Written by Patrick Nachtsheim, Legal Extern
What is a patent?
A patent occurs when the federal government, in exchange for the complete disclosure of an invention, gives an inventor a set of exclusive property rights for an invention for a definite period of time. These rights are not normal property rights. A patent does not mean you are entitled to manufacture, sell, use, or import your specific invention, rather a patent gives you the “right of exclusion” over an invention. A right of exclusion enables you to exclude others from manufacturing, selling, using, or importing your specific invention.

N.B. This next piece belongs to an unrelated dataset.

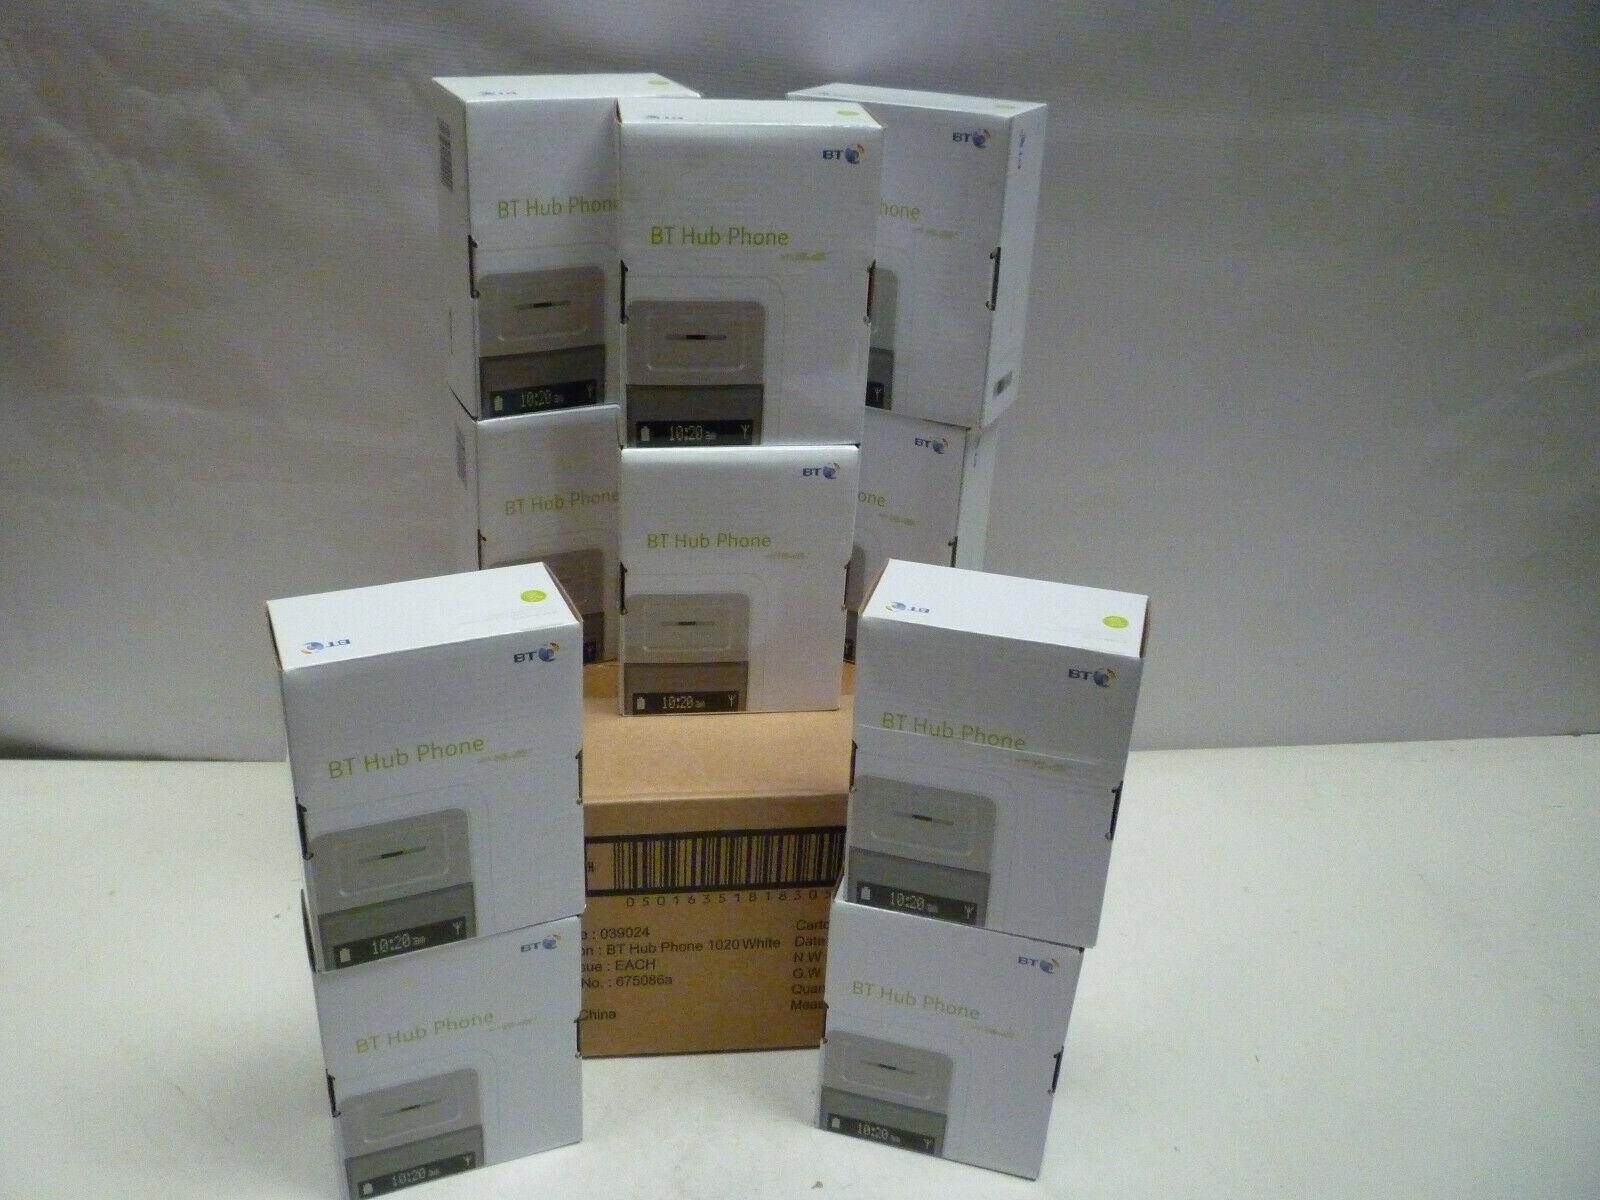 10 x BT Home Hub Phones 1020 Job Lot Bulk Wholesale Joblot Stock Boxed and New

Patent rights only surround your specific invention and the claims in the patent. Patent claims define exactly what the patent covers, and your patent rights only apply to the claims in your patent. This means that if you develop an improvement to a car engine and you receive a patent on that improvement, your rights only involve that specific improvement and not the entire engine. To see what a particular patent protects you can look to the claims. Again, these claims are your actual rights. The accompanying specification and drawings merely supplement the claims and flesh out what the claims mean but do not impart property rights. There are two (2) types of patents: utility patents and design patents. Utility patents are what normally come to mind when thinking of patents. Utility patents cover the way an article is used and works, while design patents cover the appearance of an article, similar to trade dress. Just as the two types of patents cover various protectable elements of an invention, the two types also receive varying lengths of protection: utility patents receive twenty (20) years of protection from the date of application, but design patents only receive fifteen (15) years from the date of application.
What is infringement?
Federal statute defines patent infringement to be an activity that occurs when anyone, without authority, makes, uses, offers to sell, sells, or imports a patented invention. Infringement can be determined by comparing the allegedly infringing article to the claims of a patent. If the article falls within one of those claims it constitutes infringement.

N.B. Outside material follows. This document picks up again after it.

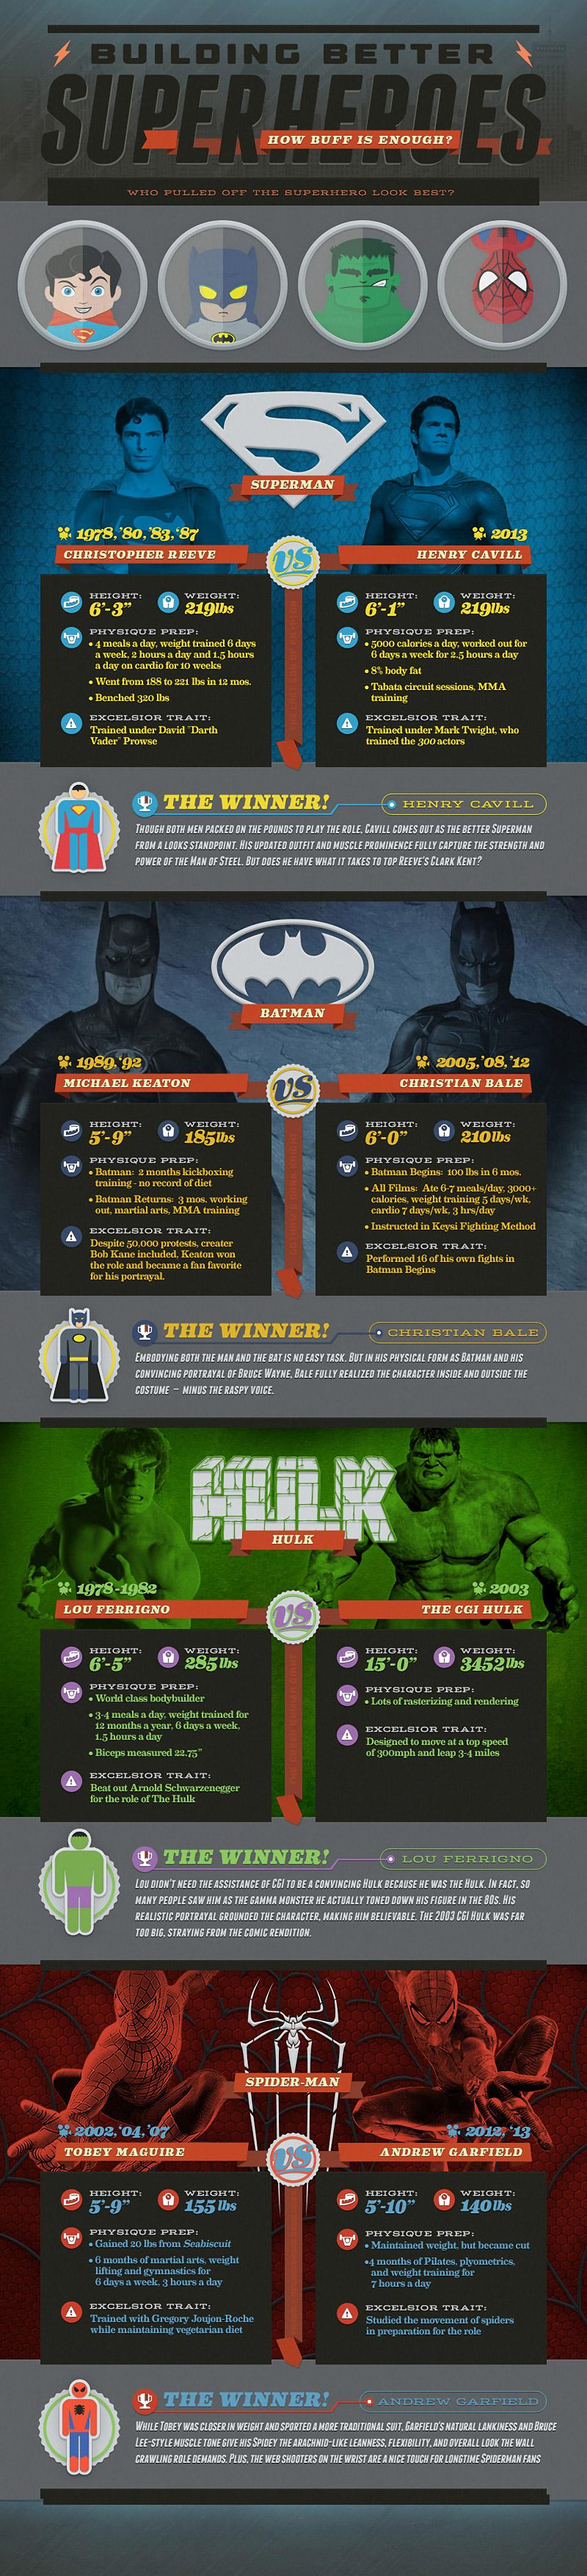 Better Buff Superhero Physiques?

If someone infringes upon your patent it is important to go speak with an attorney as soon as possible after discovering the infringement. An attorney will likely recommend one of two options, either a cease and desist letter or to bring suit against the opposing party. These are difficult decisions to make and require extensive financial and time commitments. Therefore, attorney assistance is highly recommended.

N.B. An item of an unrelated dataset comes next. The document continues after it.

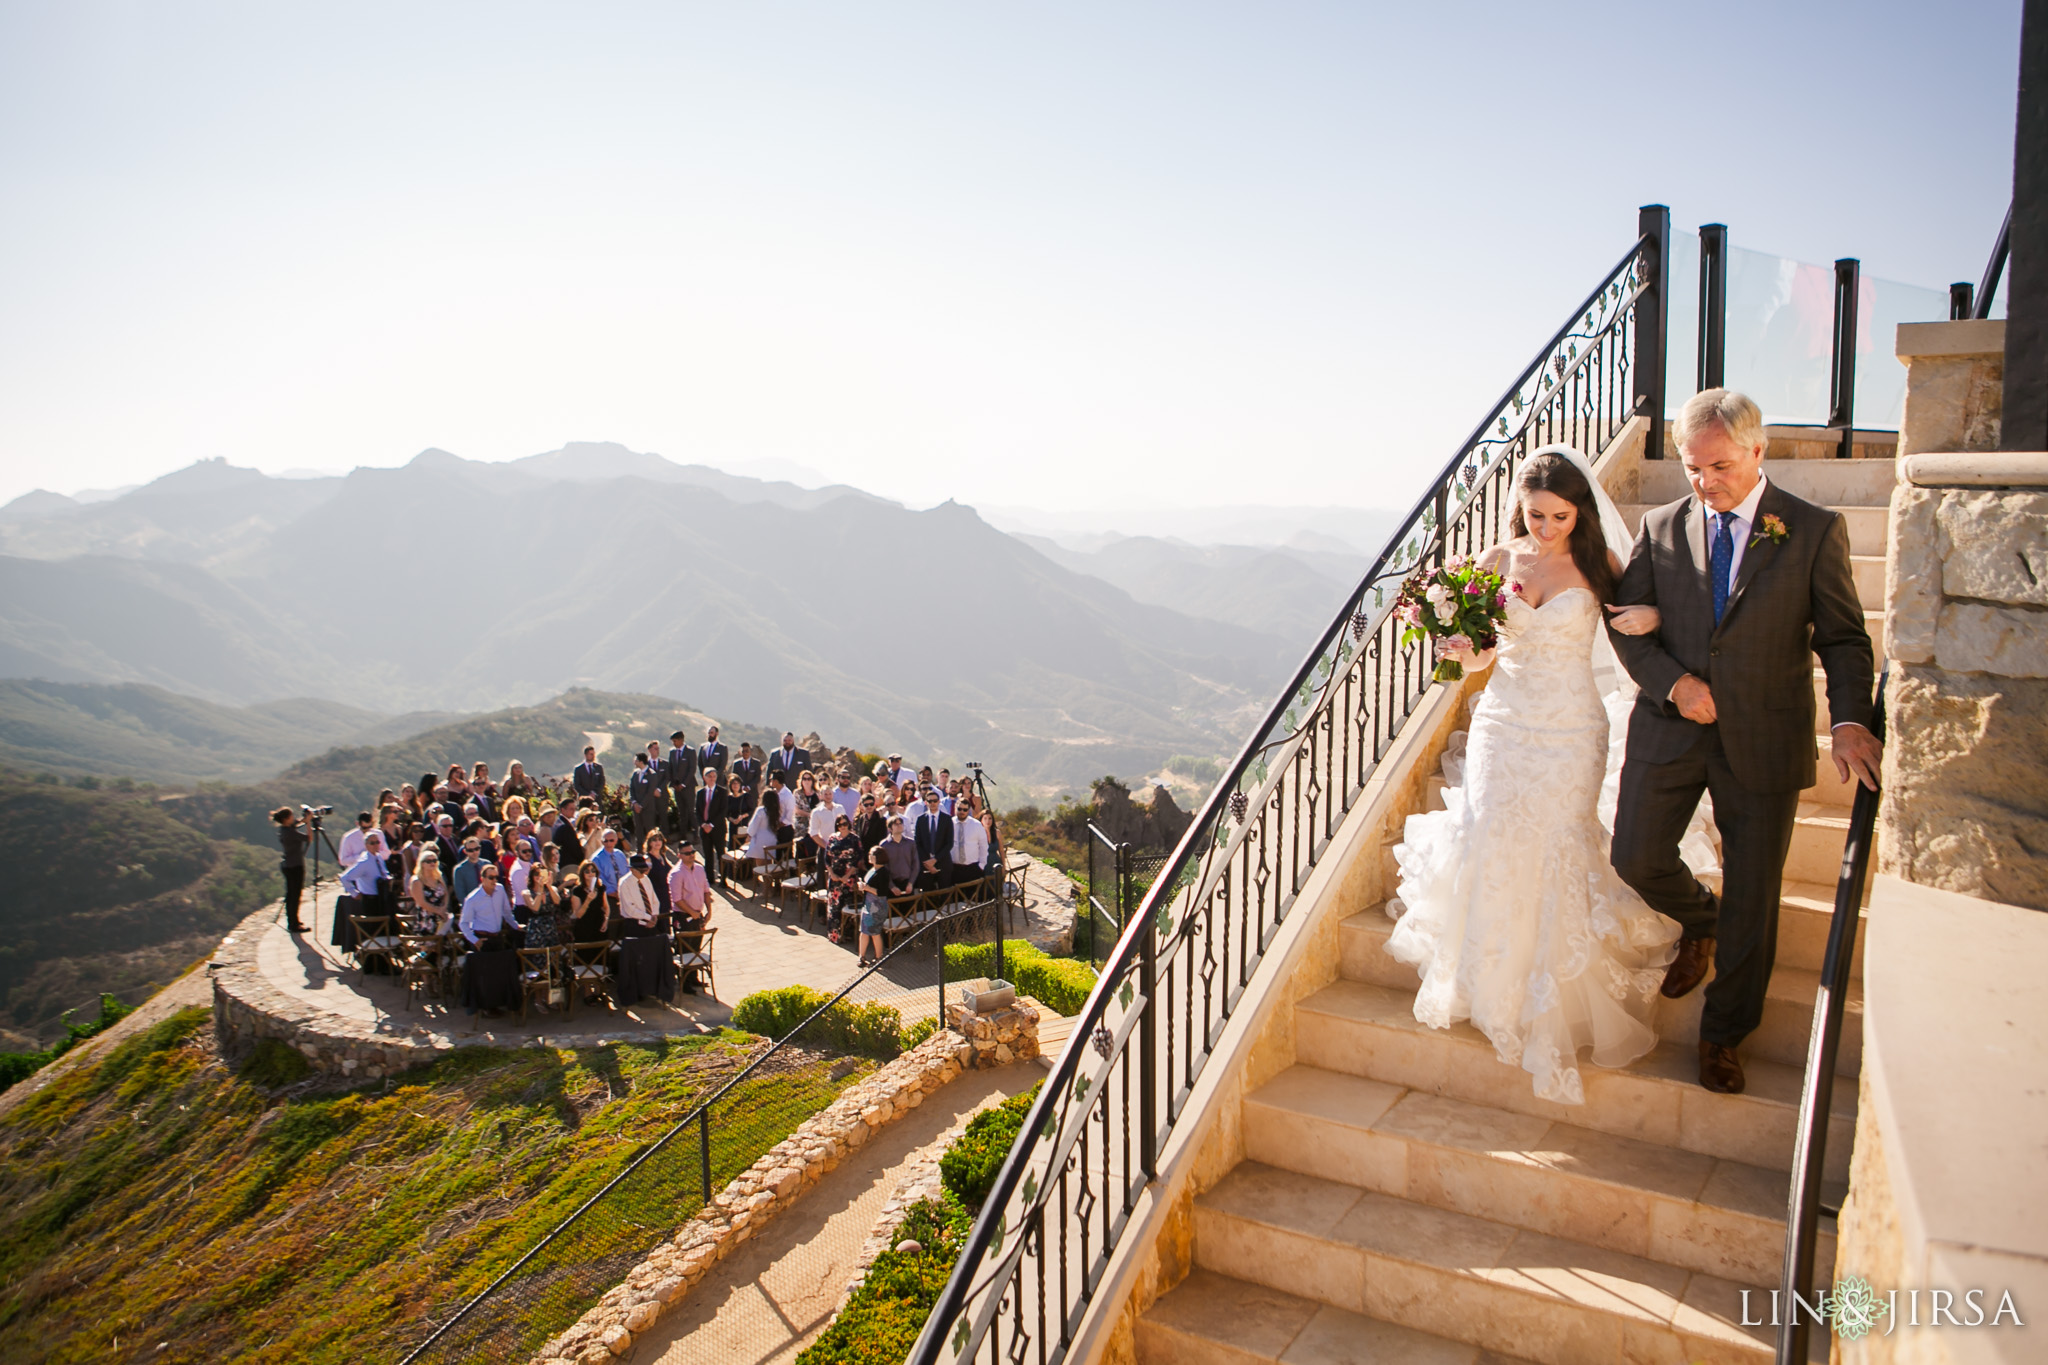 Malibu Rocky Oaks Wedding.Malibu Rocky Oaks Estate Wedding Breanna Jonathan

Do I have to do anything once I receive my patent?
The work is not done after you get your application published, it is important to maintain your patent. You must pay the USPTO maintenance fees at three and one-half (3.5), seven and one-half (7.5), and eleven and one-half (11.5) years after the issuance of your patent. You also need to stay vigilant and up-to-date in the area of your patent and monitor for potential infringements. Now that you are aware of what rights patents impart on you, go out and invent!